Once the following info is in a pandas DataFrame, it will be possible to search and filter coffees based on preferred origin, price, etc. 

 - Information I hope to include:
     + Roaster Name
     + Coffee Name
     + Country/Countries of Origin
     + Description
     + Tasting Notes
     + Variety
     + Process
     + Size Options
     + Avg Price Per Pound or Ounce

First, import the necessary libraries:

In [1]:
from bs4 import BeautifulSoup
import requests
import pandas as pd
import csv

A list of a few coffee roasters to begin:

In [2]:
onyx_url = 'https://onyxcoffeelab.com/collections/coffee'
equator_url = 'https://www.equatorcoffees.com/collections/coffees'
ruby_url = 'https://rubycoffeeroasters.com/collections/coffee'

This first function compiles a list of urls from each of the above websites; each url is one type of coffee.

In [3]:
def gather_coffee_links(url):
    r= requests.get(url)
    soup = BeautifulSoup(r.content, 'html.parser')
    coffee_links = soup.find_all('a')
    
    links = []
    for link in coffee_links:
        links.append(url+link["href"])

    coffee_link_list = []
    for link in links:
        if '/product' in link:
            coffee_link_list.append(link)

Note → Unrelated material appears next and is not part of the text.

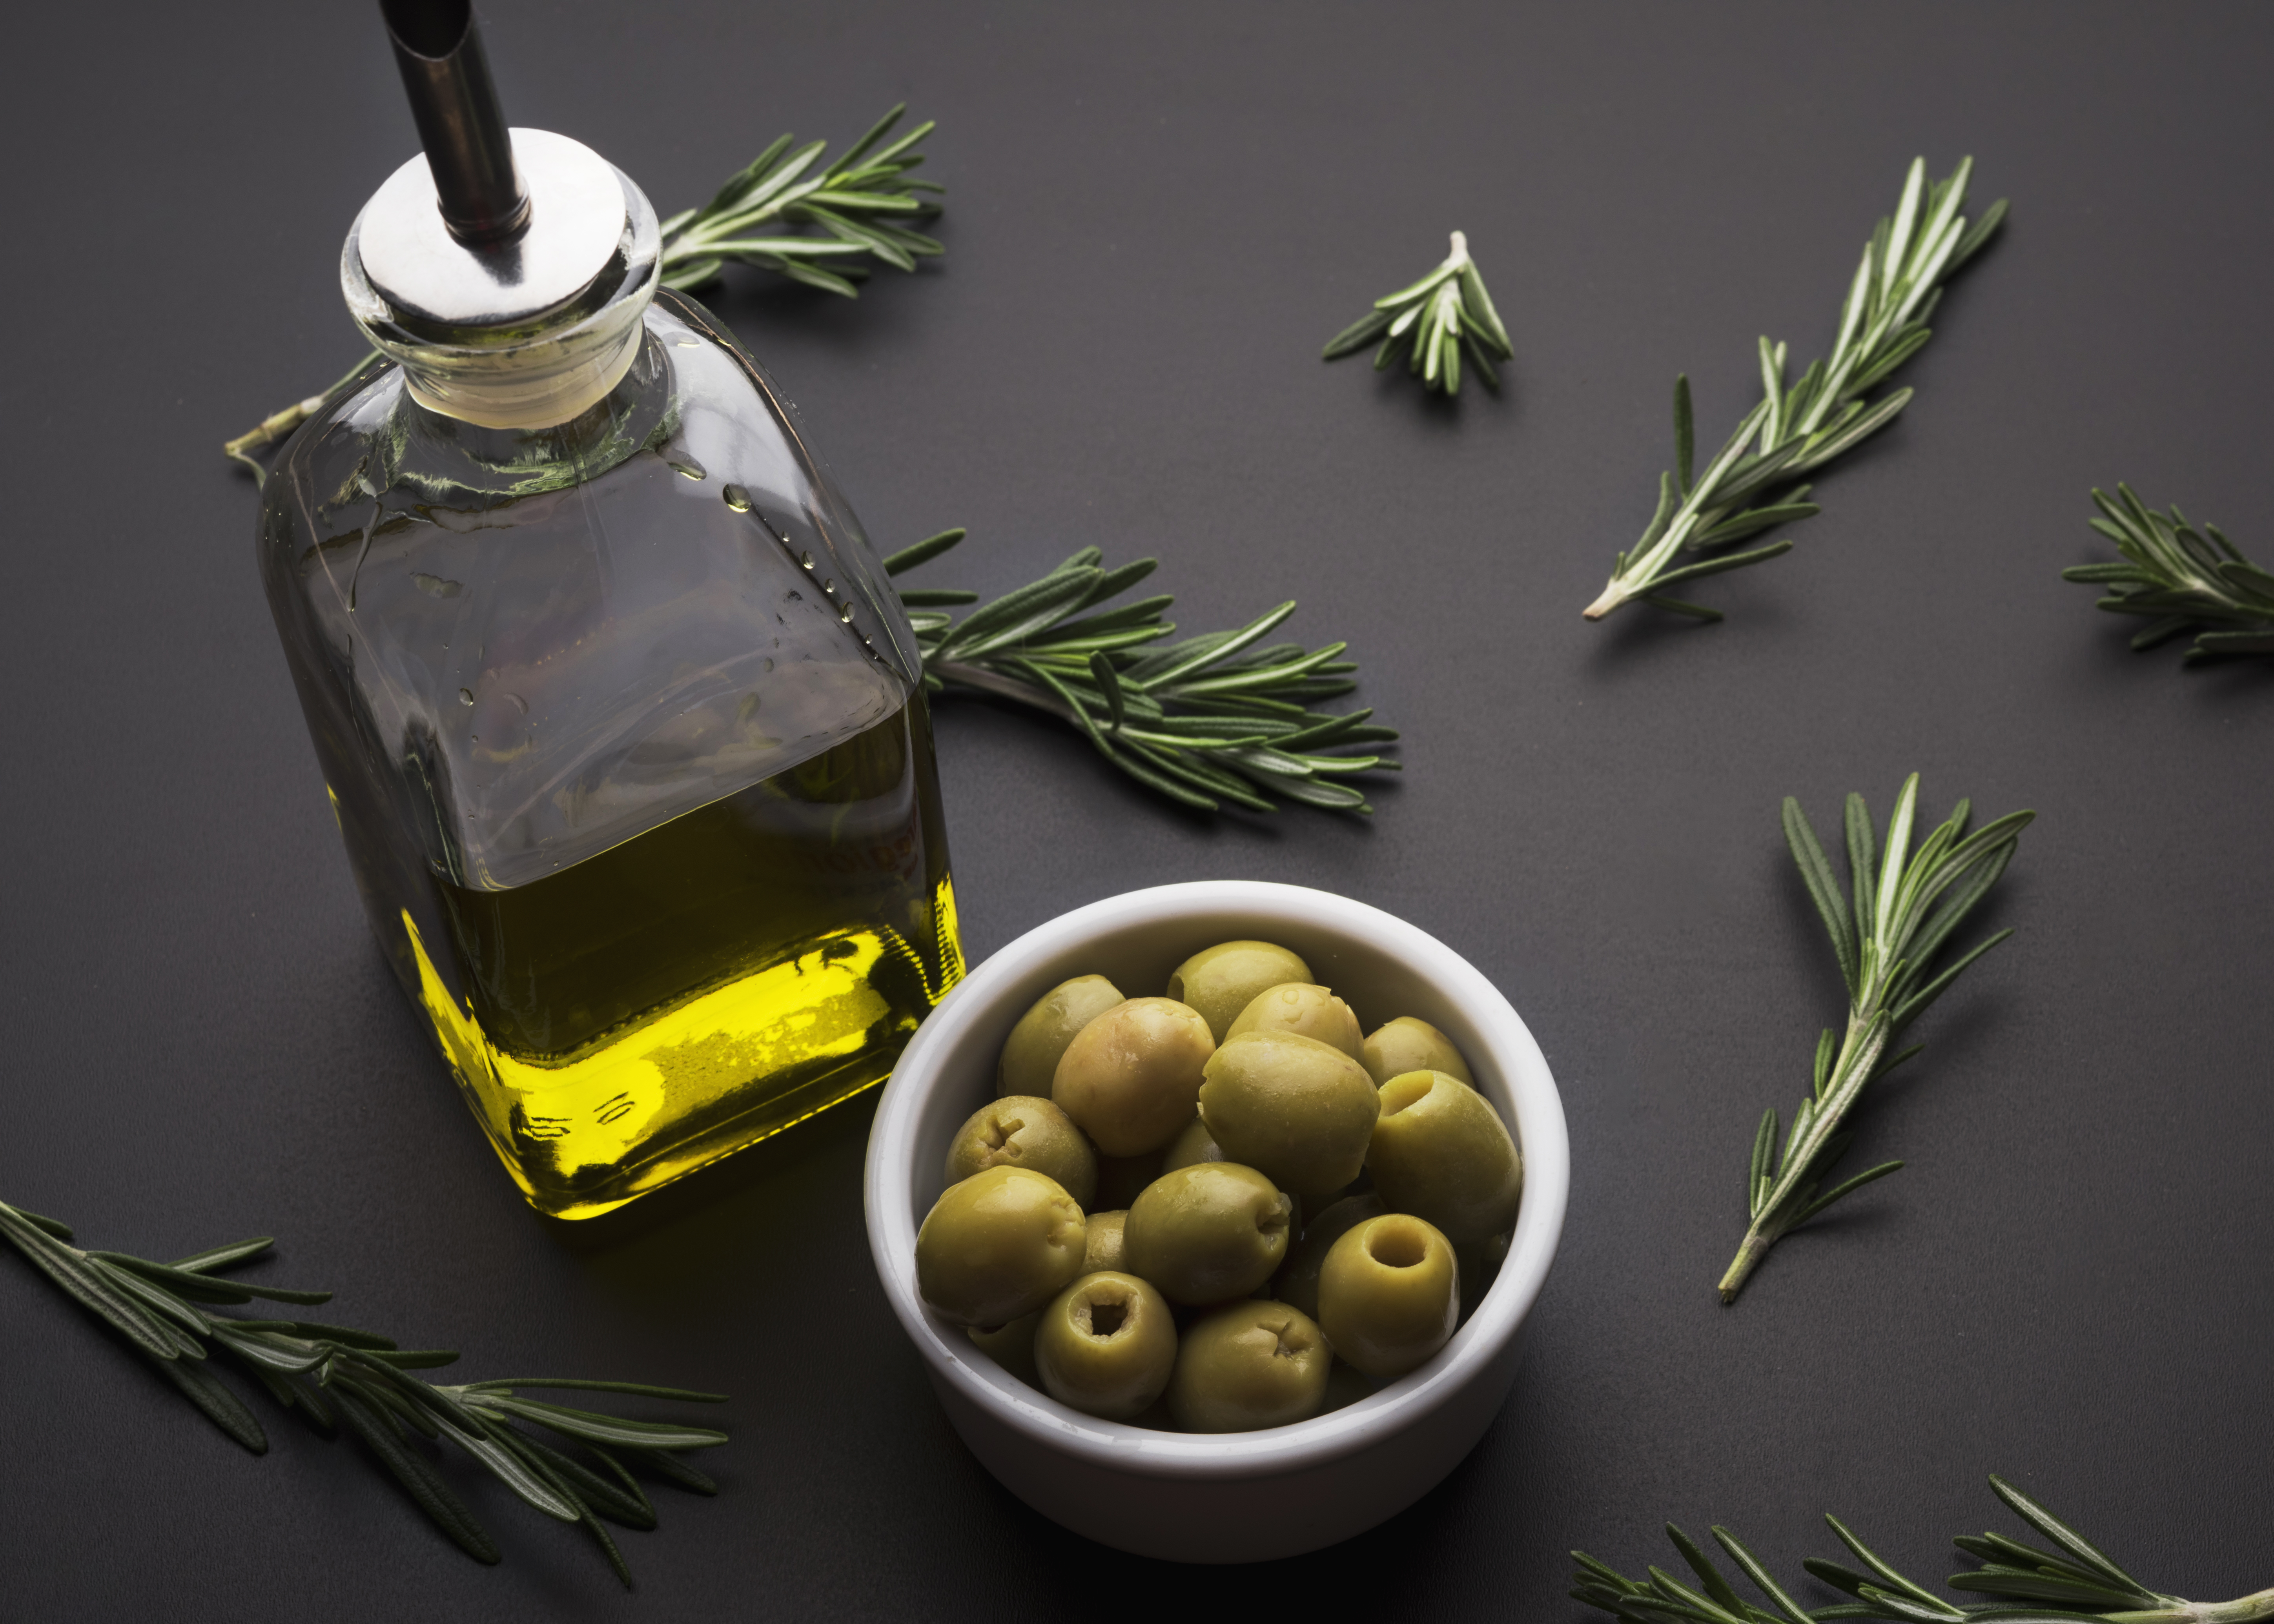 Оливковое масло застывает

    return coffee_link_list

First, I want to gather information from Onyx Coffee Labs in Arkansas.

In [4]:
onyx_links = gather_coffee_links(onyx_url)

With a list of pages that include the information about each coffee, I can begin to extract the desired data. The function below scrapes a page for coffee attributes:

In [5]:
def get_coffee_attrs(url):
    r = requests.get(url)
    soup = BeautifulSoup(r.text, 'html.parser')
    coffee_data = {}
    try:
        name = soup.find('h1').text.strip()
    except:
        name = None
    try:
        coffee_description = soup.find('div', {'class':'main-blurb'}).getText().strip()
    except:
        coffee_description = None
    for div in soup.find_all('div', {'class':'a-feature'}):
        try:
            label = div.find('div', {'class':'label'})
            label_value = div.find('div', {'class':'value'})
            coffee_data[label.text]=label_value.text
        except:
            label = None
            label_value = None
    coffee_data.update({'Name':name, 'Description':coffee_description})
    return coffee_data

At the moment, I'm having difficulty extracting the price. As I experiment, I have separated sizes and prices to a different function seen below: 

In [6]:
def get_size_and_price():
    r= requests.get('https://onyxcoffeelab.com/products/southern-weather?variant=31862699917410')
    soup = BeautifulSoup(r.text, 'html.parser')
    coffee_data = {}
    try:
        size = soup.find('div', {'class':'size-select option-type'}).text.strip()
        sizes = size.split('\n')
    except:
        size = None
    try:
        price = soup.select('div.price.variant-price')
    except: 
        price = None
    coffee_data.update({'Sizes Available' : sizes, 'Prices': price})
    print(coffee_data)

In [7]:
get_size_and_price()

{'Sizes Available': ['4oz', '10oz', '2lbs', '5lbs'], 'Prices': [<div class="price variant-price">
                    
                    $-.-
                    
                </div>]}


As you can see above, the price is shown as empty. On the website this is (I think?) a flexbox, and the price changes when you select different sizes. Therefore, when I try find or find_all I am given no values/ an empty list.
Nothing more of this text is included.